Omit all pictures, then retype the data exactly as given.
++++ The data
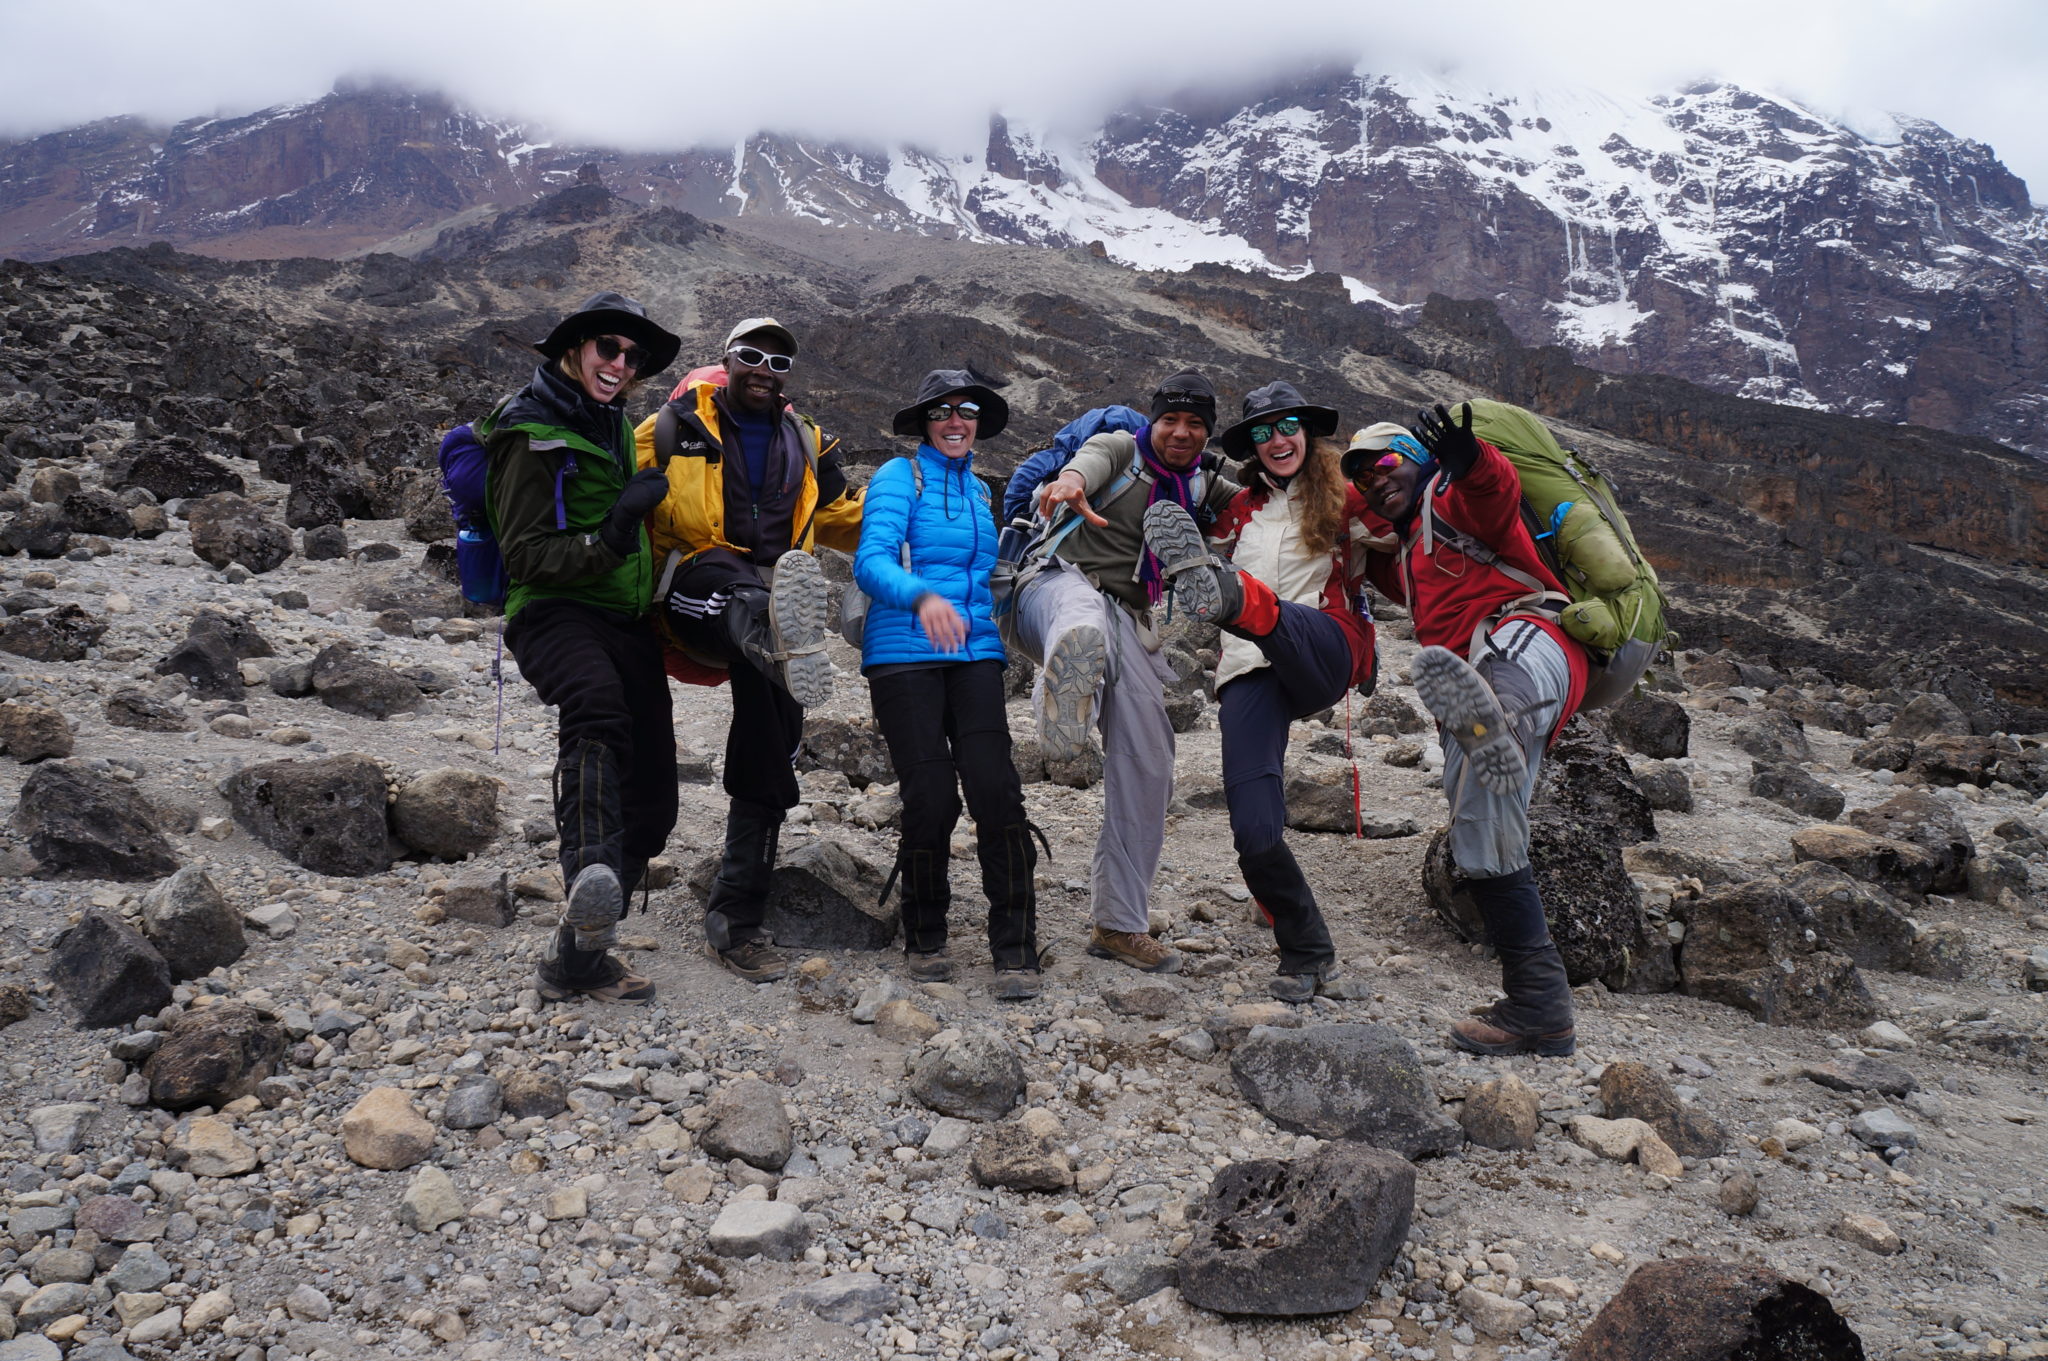 Natalie H. and her companions getting silly on Kili
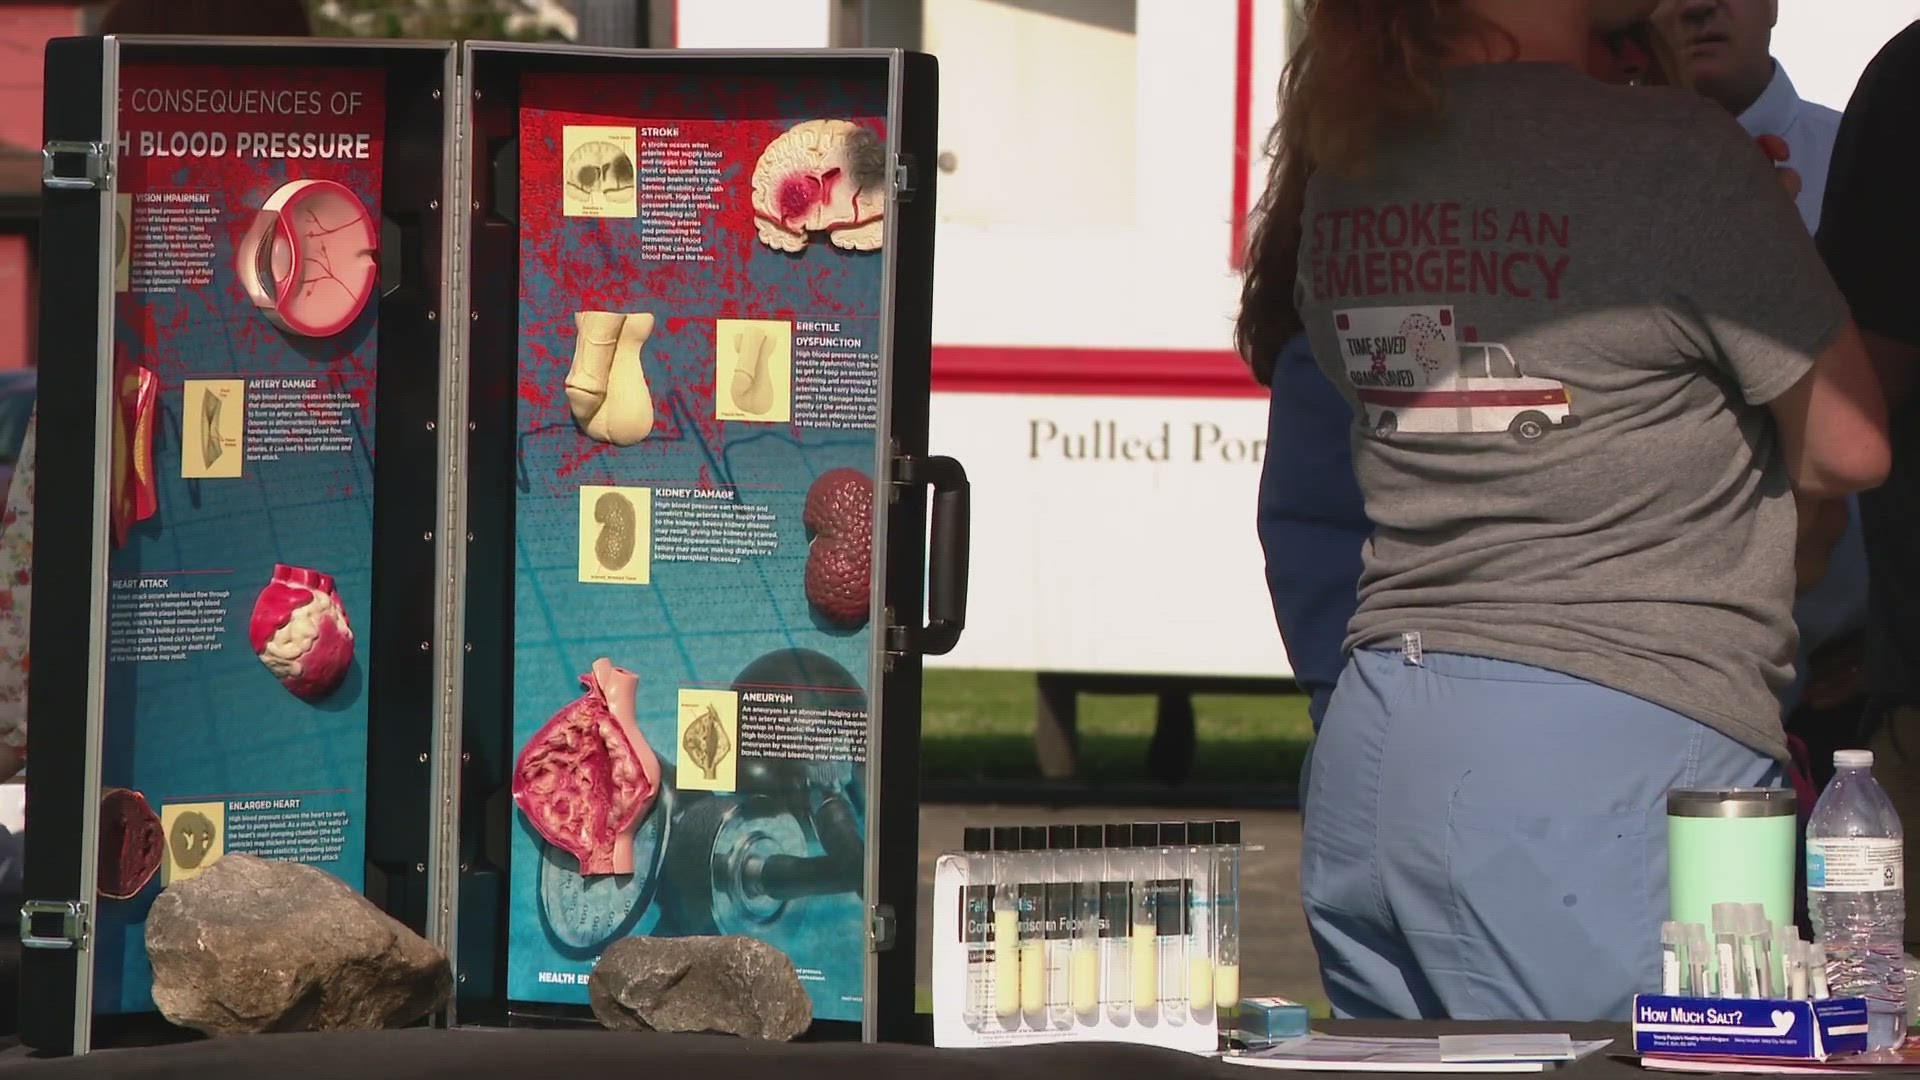 'Stroke Smart Fest' was designed to educate the community about strokes.
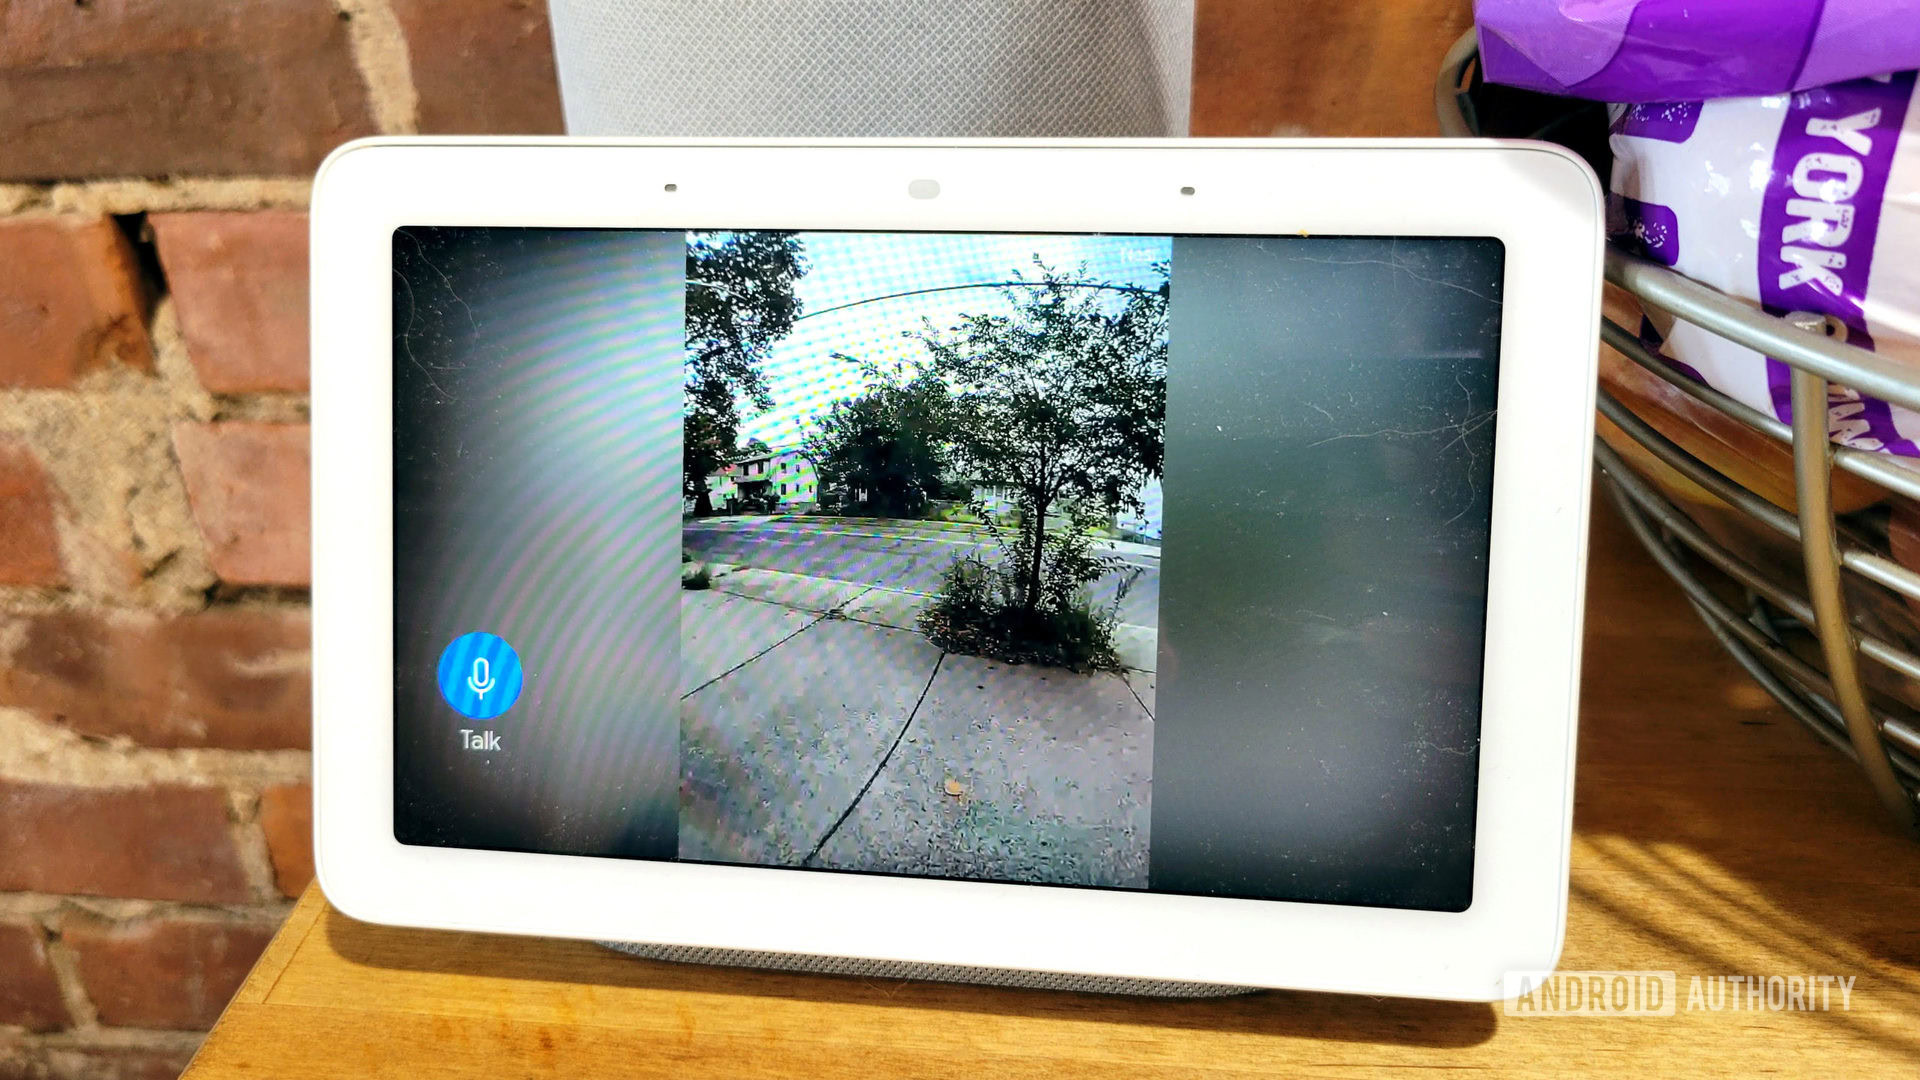 Google Nest Doorbell Review Day Time Image on Google Home Hub
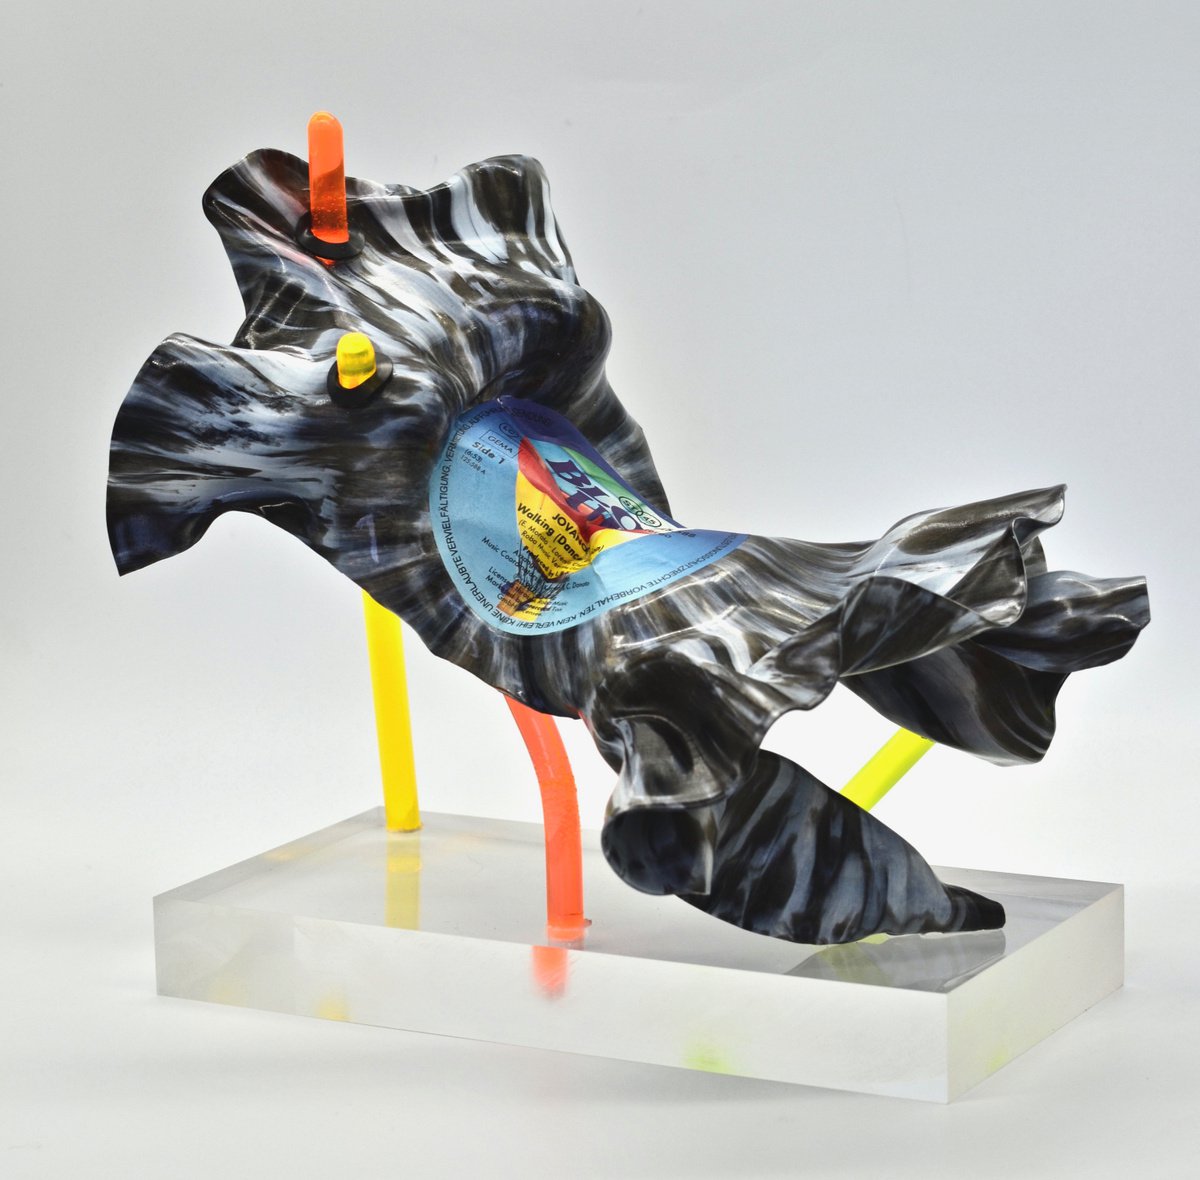 Vinyl Music Record Sculpture - Up On The Rave by Seona Mason
++++++++
▸ Finished task
 Natalie H. and her companions getting silly on Kili
 'Stroke Smart Fest' was designed to educate the community about strokes.
 Google Nest Doorbell Review Day Time Image on Google Home Hub
 Vinyl Music Record Sculpture - Up On The Rave by Seona Mason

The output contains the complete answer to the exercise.